O sofrimento psicológico a levou a ter insônia e a se afastar das pessoas quando elas se aproximavam, acreditando erroneamente na transmissão do vírus pela saliva. O quadro também a levou a iniciar o consumo de álcool e cigarro. “Eu pensava: vou morrer mesmo, então comecei a beber para esquecer”, desabafa. Os efeitos colaterais dos medicamentos, como tontura, moleza nas pernas, dores de estômago e falta de apetite, eram relatados aos médicos, que os atribuíam à própria medicação.

A reviravolta e as sequelas que permanecem

A virada na vida de Silvia ocorreu quando uma médica, desconfiada do histórico, suspendeu a medicação temporariamente e solicitou novos exames. O resultado confirmou que ela não possuía o vírus. “Ela falou: ‘Você não tem HIV’. Eu caí no chão chorando. Até a médica chorou comigo”, relembra Silvia.
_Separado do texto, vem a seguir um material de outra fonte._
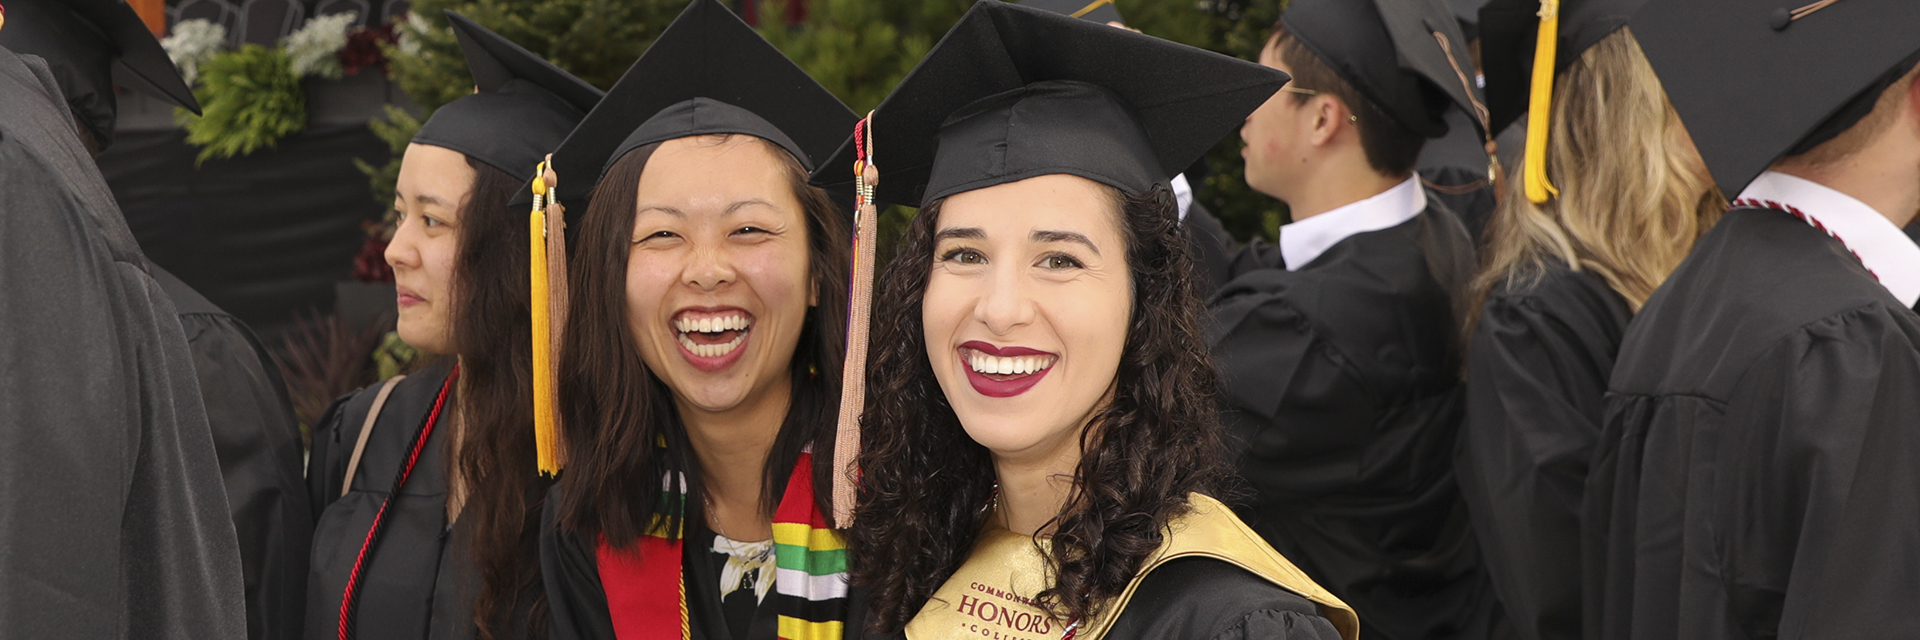 Umass Lowell Graduation 2020.Commencement 2020 Umass Amherst

Após a suspensão definitiva dos remédios, a melhora física foi notável, com o desaparecimento da moleza nas pernas e a retomada do apetite. Contudo, as sequelas no estômago persistem devido ao uso prolongado da medicação. As consequências emocionais, segundo ela, são mais difíceis de superar. “Foram oito anos achando que eu ia morrer. Eu deixei de viver muita coisa”, lamenta. A lembrança do sofrimento ainda causa emoção e tristeza, pois “não tem como esquecer tudo que eu vivi”, resume.

O advogado de Silvia, Ricardo Pegolo, acompanhou seu sofrimento nos últimos dois anos e informou que eles não pretendem recorrer da decisão judicial, aguardando apenas se haverá recurso por parte da Prefeitura. A história, que ganhou destaque no Campo Grande NEWS, evidencia a importância da **rigorosidade nos diagnósticos médicos** e o impacto devastador de erros que podem alterar drasticamente a vida de pacientes. A experiência de Silvia, conforme detalhado pelo Campo Grande NEWS, serve como um alerta sobre a necessidade de **acompanhamento médico atento e contínuo** para evitar tragédias como a que ela viveu.